The practical significance of the single-phase versus three-phase distinction goes beyond the individual household. When thousands of single-phase consumers draw massive, undeclared currents, those draws are not evenly distributed across the three primary phases of the distribution transformer. The load concentrates on one or two phases, creating severe phase imbalance. This generates large, wasteful neutral currents and creates localized hot spots within the transformer core that accelerate thermal degradation dramatically.
The Voluntary Disclosure Scheme
KSEB has known about this data asymmetry for a long time. The Voluntary Disclosure Scheme, which has been reopened multiple times since its introduction around 2010 and was heavily promoted again in 2023 and 2024, offers consumers an amnesty: declare your actual connected load, legalize any unauthorized appliances, and avoid the punitive charges historically levied for energy theft or unauthorized load enhancement.
The theory behind the VDS was sound. If consumers voluntarily reveal what they are actually running, KSEB's engineers can make better infrastructure sizing decisions, and transformer failures can be anticipated rather than responded to after the fact.
The practice has been chronically disappointing. Compliance remains low. The incentive structure is not aligned in KSEB's favor. A consumer who discloses a 9 kW actual load faces an immediate, permanent increase in monthly fixed charges. The benefit, which is that the neighborhood transformer might not blow up three summers from now, is shared across 40 households, is abstract, and materializes in the future rather than on next month's bill.

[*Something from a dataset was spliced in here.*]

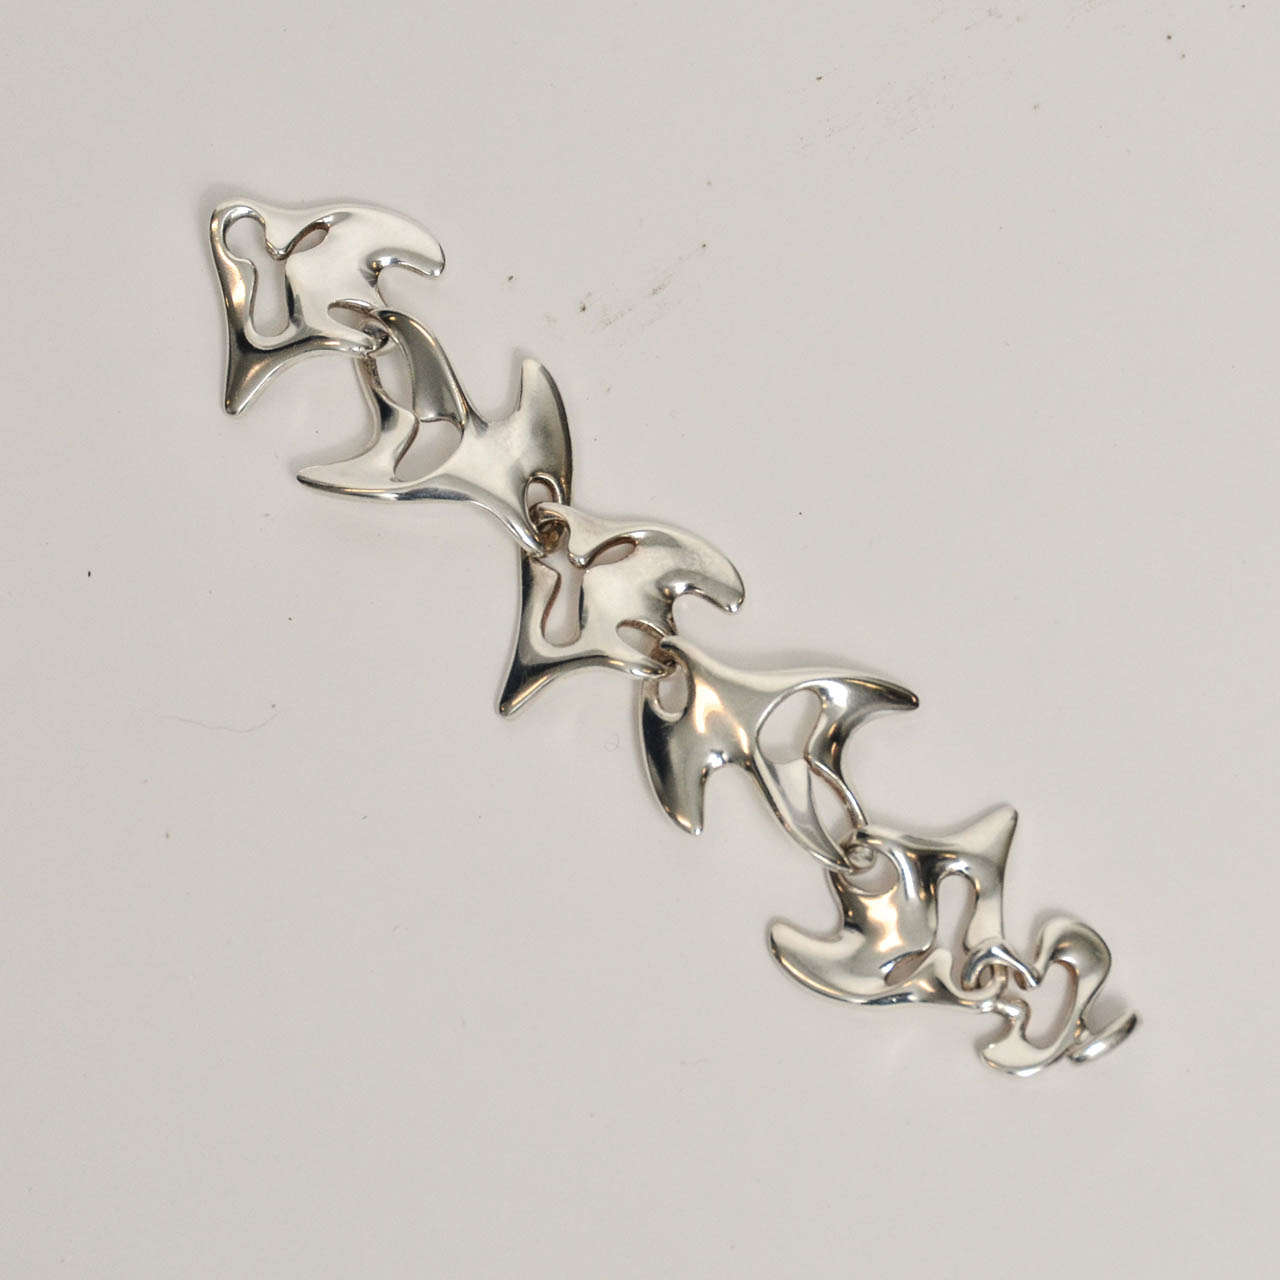 The Amoeba:  Fantastic Sculptural Links Designed by Henning Koppel for Georg Jensen in the late 1940's.  This (Design 89) is the more virile of his 2 biomorphic bracelet designs of the period.  It is evident that Koppel studied Sculpture.

The rational individual choice is to stay undeclared. The aggregate of rational individual choices is a utility operating completely blind to the loads it is actually serving.

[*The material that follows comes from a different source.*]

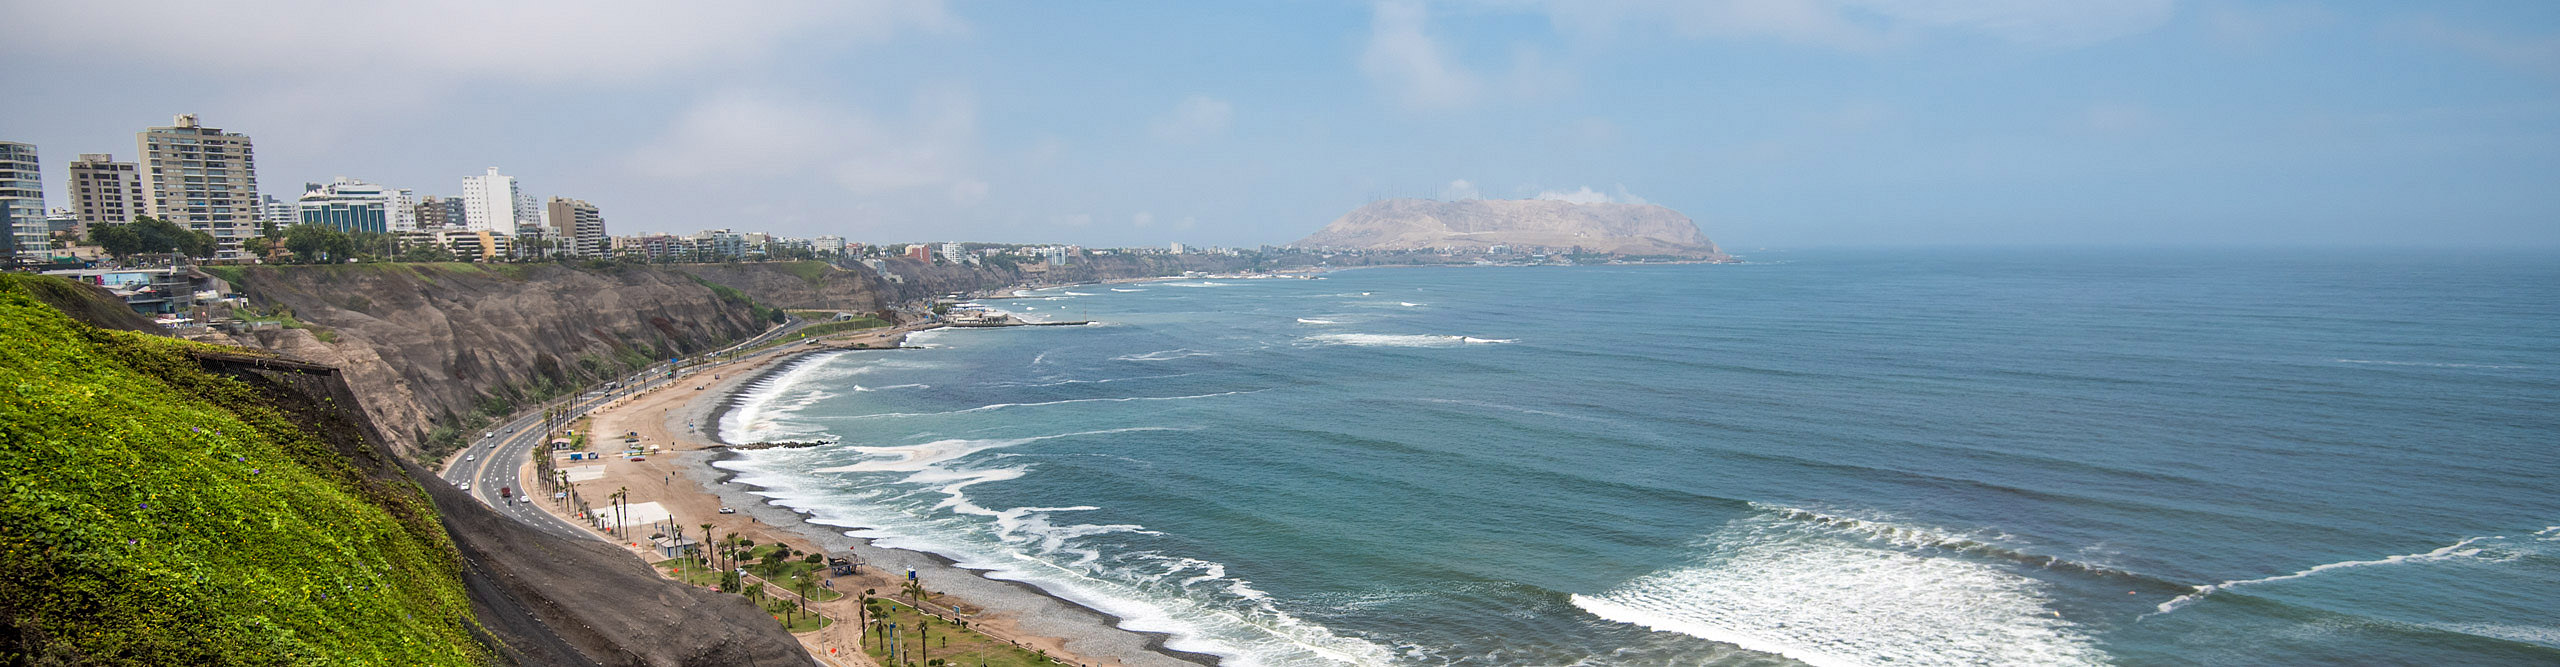 Vie3w of th3 coastline in Lima, Peru, with waves crashing and a clear sky,

This is the failure that makes the brownouts inevitable. The grid is not undersized relative to what KSEB was told it needed to carry. It is catastrophically undersized relative to what it is actually being asked to carry, because consumers rationally chose not to tell anyone what they were actually running.
Two deficits, not one
The important distinction the minister was trying to make, imperfectly, is this one.
An energy deficit means the state lacks enough total generated and purchased electricity over the course of a day to serve all demand. The 2012 crisis was this. The remedy is scheduled load shedding: deliberately disconnecting groups of consumers in rotating shifts to ensure the available energy is rationed across the entire population. You can, in principle, choose when to do this.
A capacity deficit means the physical conductors and transformers cannot handle the instantaneous current being drawn through them, even if total energy supply is technically adequate. This is a thermal problem, not an accounting one. It happens at the level of individual neighborhood transformers and feeder lines, not at the level of the state grid. The grid does not choose when to fail under a capacity deficit. It fails when the current drawn exceeds what the equipment can safely carry, which is at night, when the ACs and EV chargers all run simultaneously.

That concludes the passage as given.